Mom Ago and Far Away

Mom, Dad, Jimmie & Karen - 1950Mom, Dad, Jimmie & Karen - 1950I've been working on a family project that took me into the boxes of old pictures. This one stopped me in my tracks for a long, reflective view. It was taken in the summer of 1950 on the swing behind my grandparents' house in Niles, Ohio.

Dad would have just turned 25 and looks a little overwhelmed. Just four years previously he had returned to Ohio after serving with the Navy as it fought its way across the Pacific. He and Mom had been high school sweethearts and as soon as he returned, they got married and "got busy." Little Jimmie would turn 3 at the end of the summer and little Karen had just passed her first birthday.

My younger sister and brother had not yet made the scene, but this looks like it's already enough for Mom. I can see the dark circles under her eyes that show that she was not well at the time. But there's also a strength and a hopefulness there that carried her through the raising of eventually four kids, dealing with an eventually alcoholic husband and coping with all those other eventualities of history and circumstance that make life "what happens while you were making other plans." She was 26 years old.

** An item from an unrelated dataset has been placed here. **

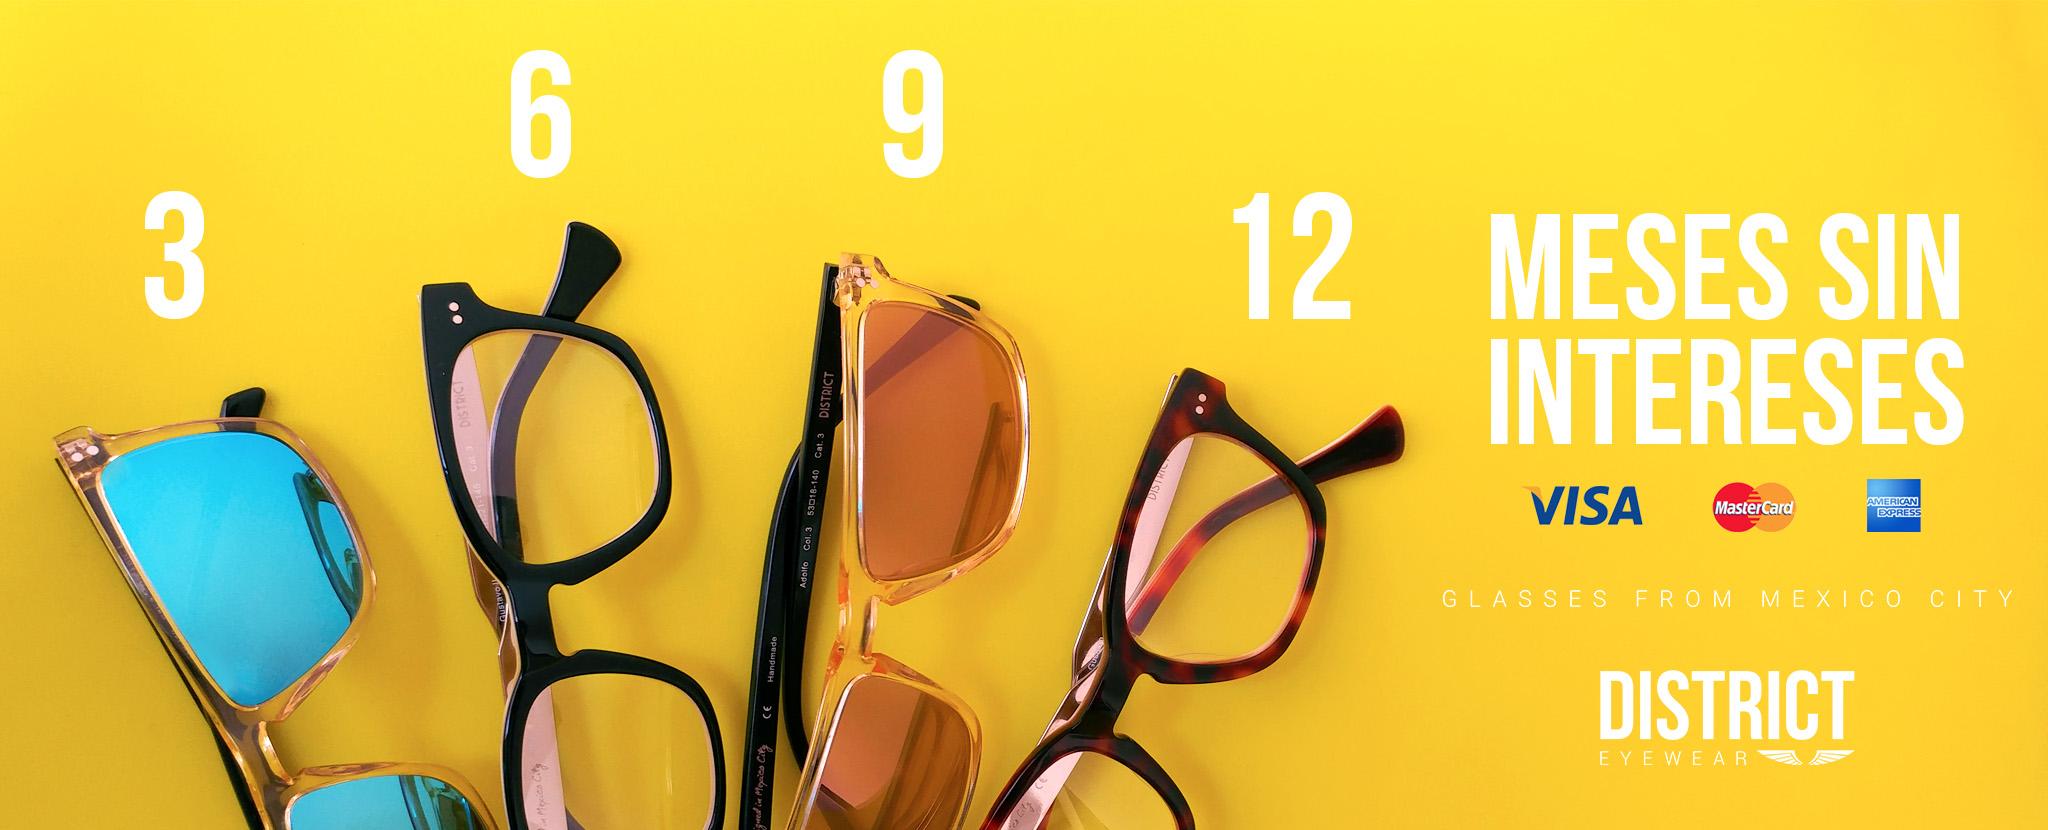 districteyewear, District Eyewear

But isn't that what Moms do? Isn't that why we celebrate them this weekend? They say that "home is the place where when you have to go there they have to take you in." And it's usually Mom who's there at the door. I know some people have problematic, even abusive, mothers; and I have to admit that Mom and I had our share of knock down drag outs. But the steel you can see in her eyes was always there for me. And her Pollyanna optimism that got her through the Great Depression and all the rest that life threw her way is still with me as we struggle with our economy's latest challenges.

Mom's enjoying a healthy, happy, well-deserved retirement in Tucson, so I won't see her this weekend. But I'll have the good fortune to share Mother's Day celebrations with others at the Back Bay Cafe. Last year we had a regular customer call for reservations for "Two Mothers." Their kids weren't here, but we fussed over them and applauded their noble motherliness. It does take a village. And we salute the village's Mothers. Thanks!

...and Happy Mother's Day, Mom. I'll call you when I get done at the Cafe.